• **Task requirements**:
Return the listing that follows exactly, with no pictures included.

• **Provided data**:
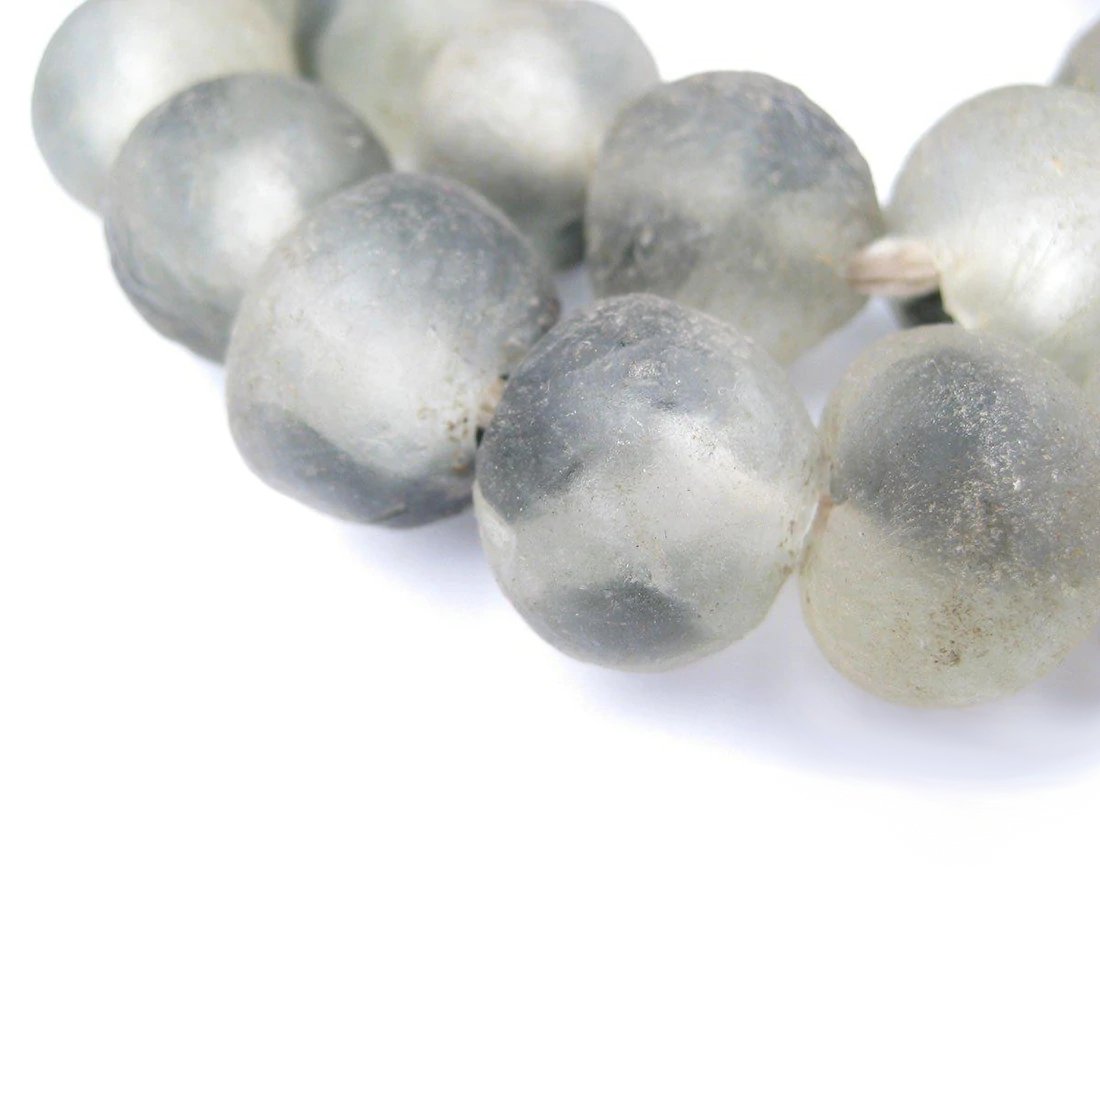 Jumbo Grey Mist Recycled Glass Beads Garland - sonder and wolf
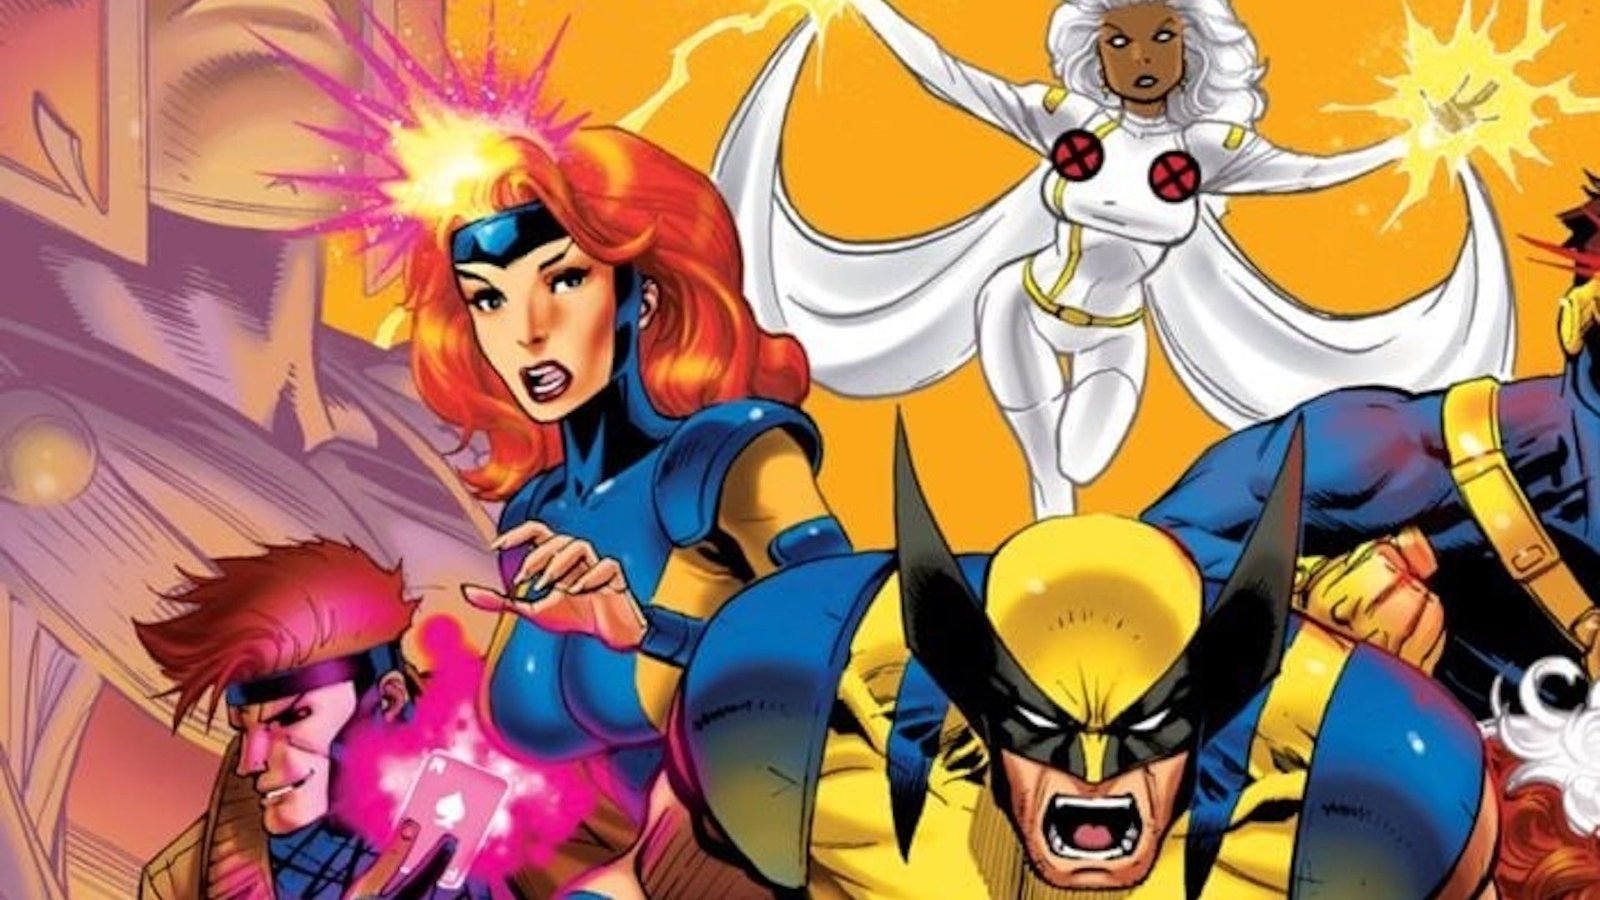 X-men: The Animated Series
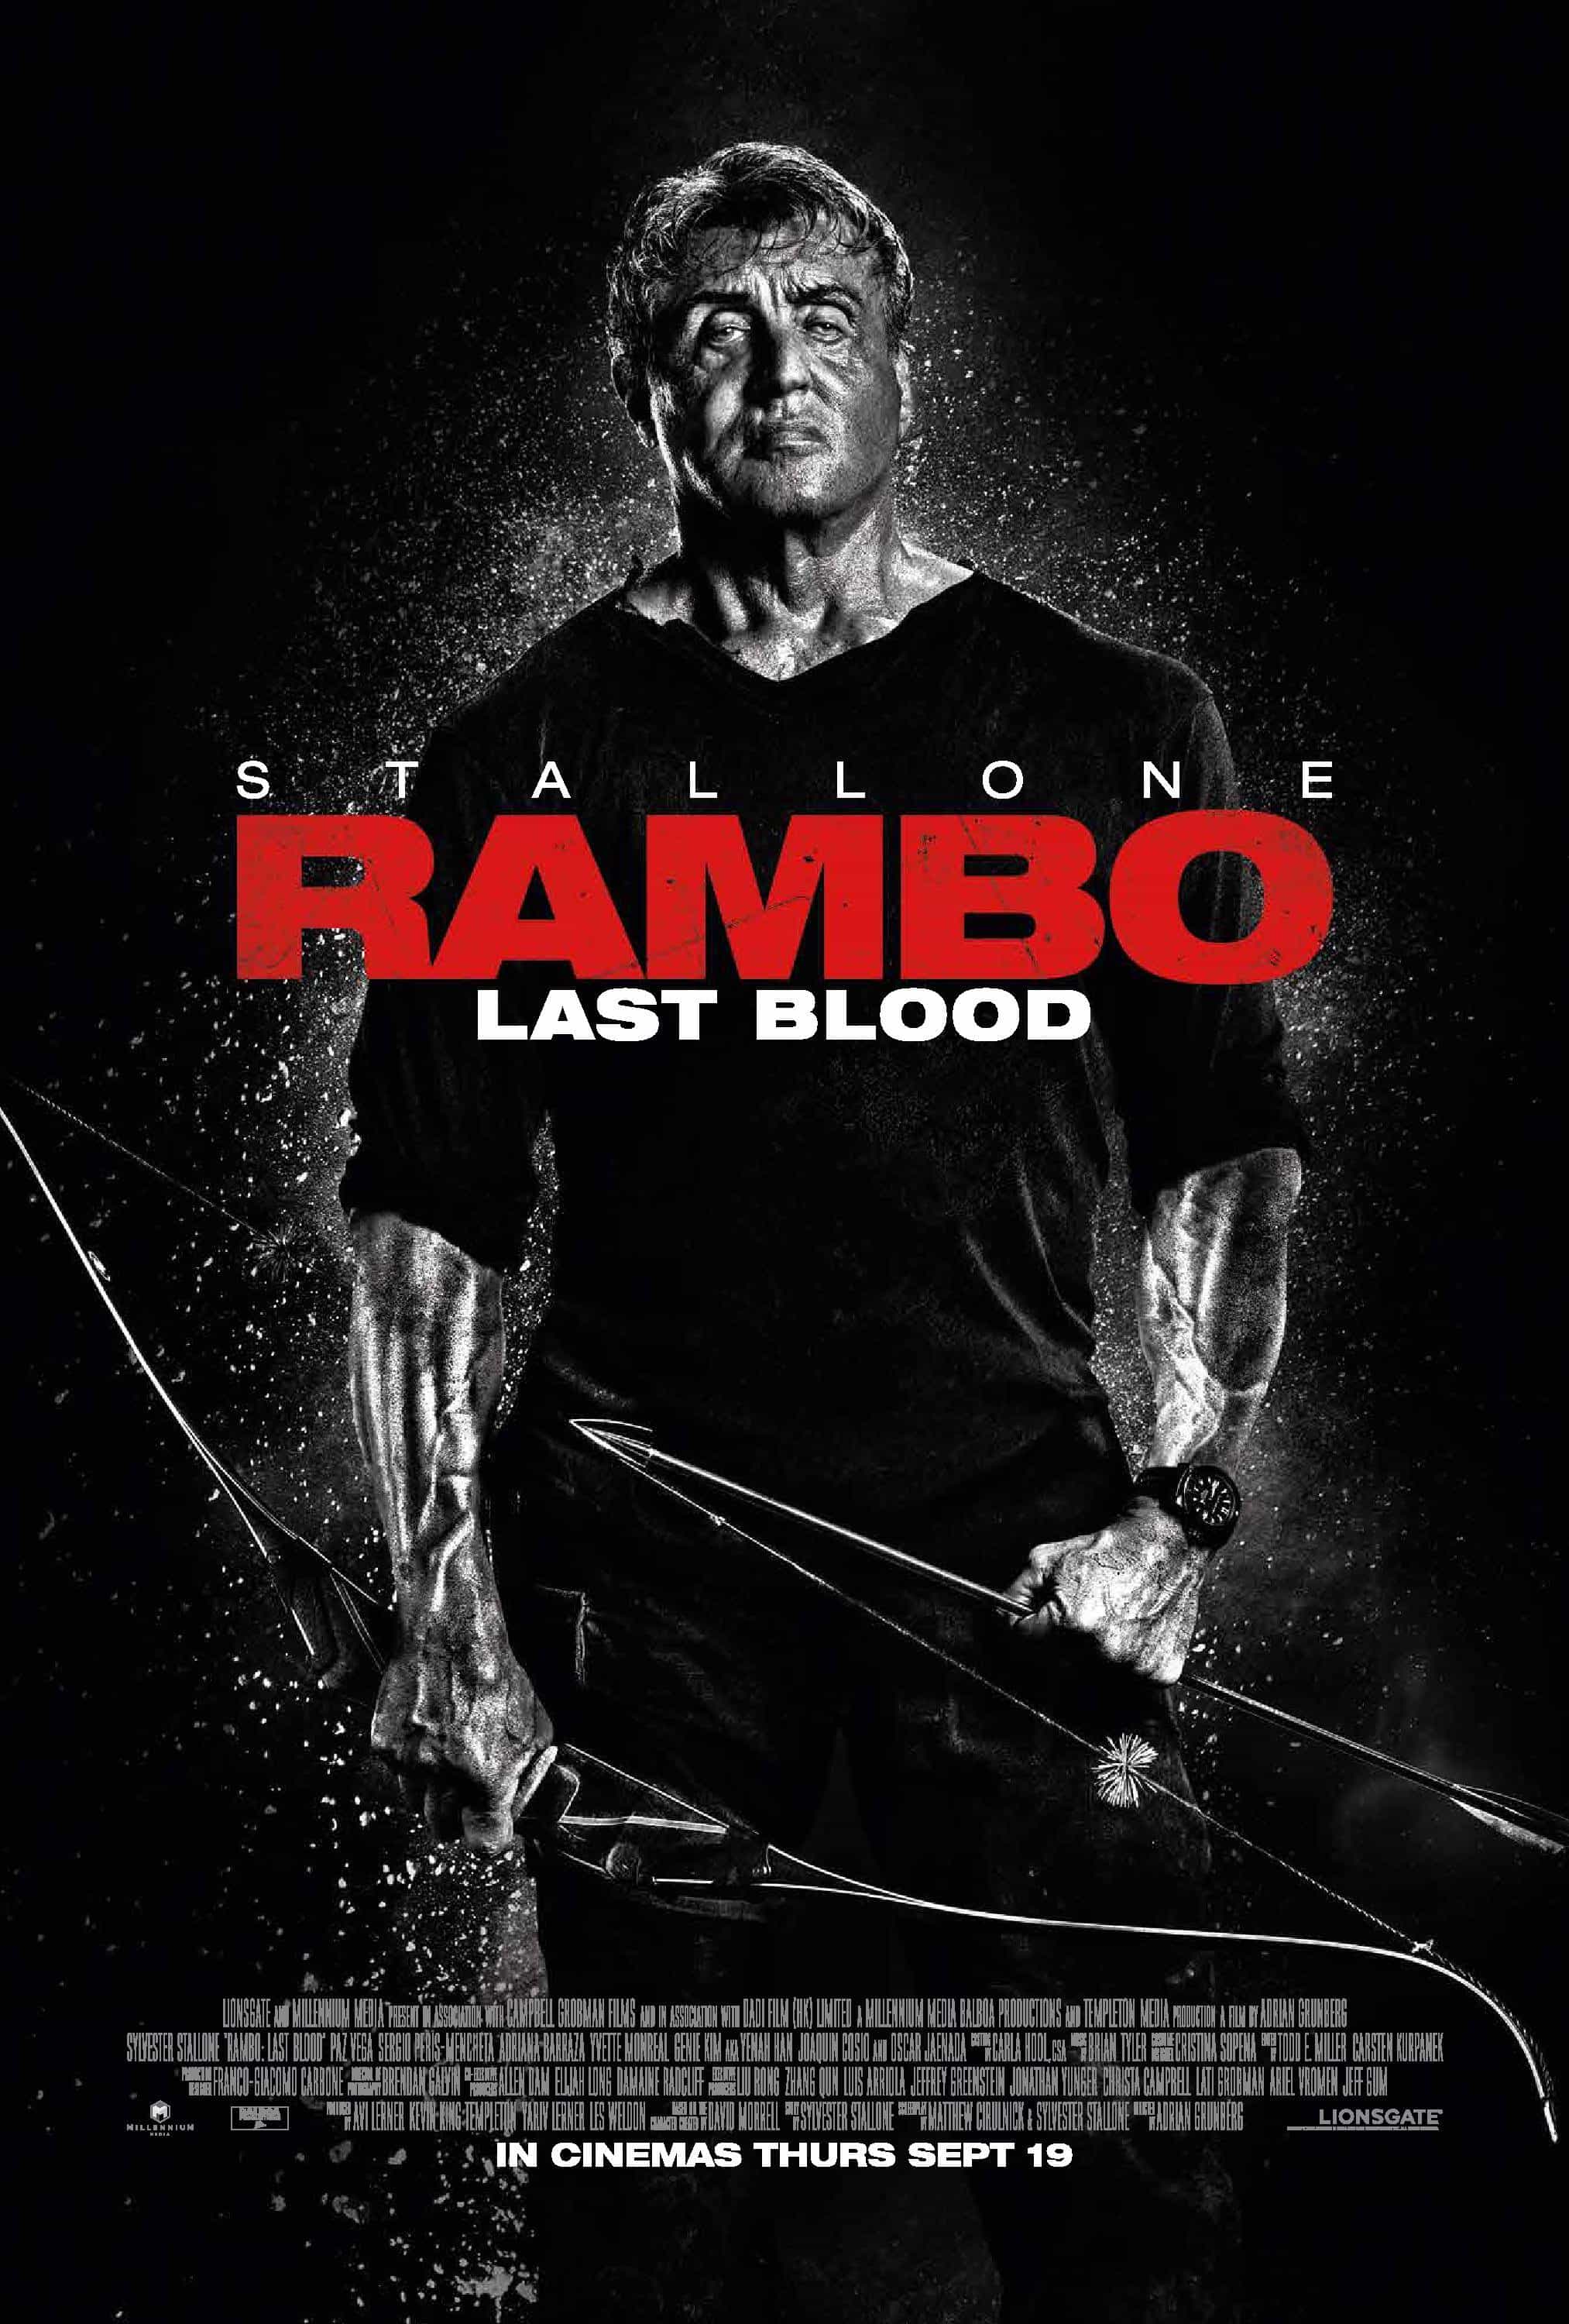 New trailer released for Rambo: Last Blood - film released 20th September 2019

• **Your solution**:
 Jumbo Grey Mist Recycled Glass Beads Garland - sonder and wolf
 X-men: The Animated Series
 New trailer released for Rambo: Last Blood - film released 20th September 2019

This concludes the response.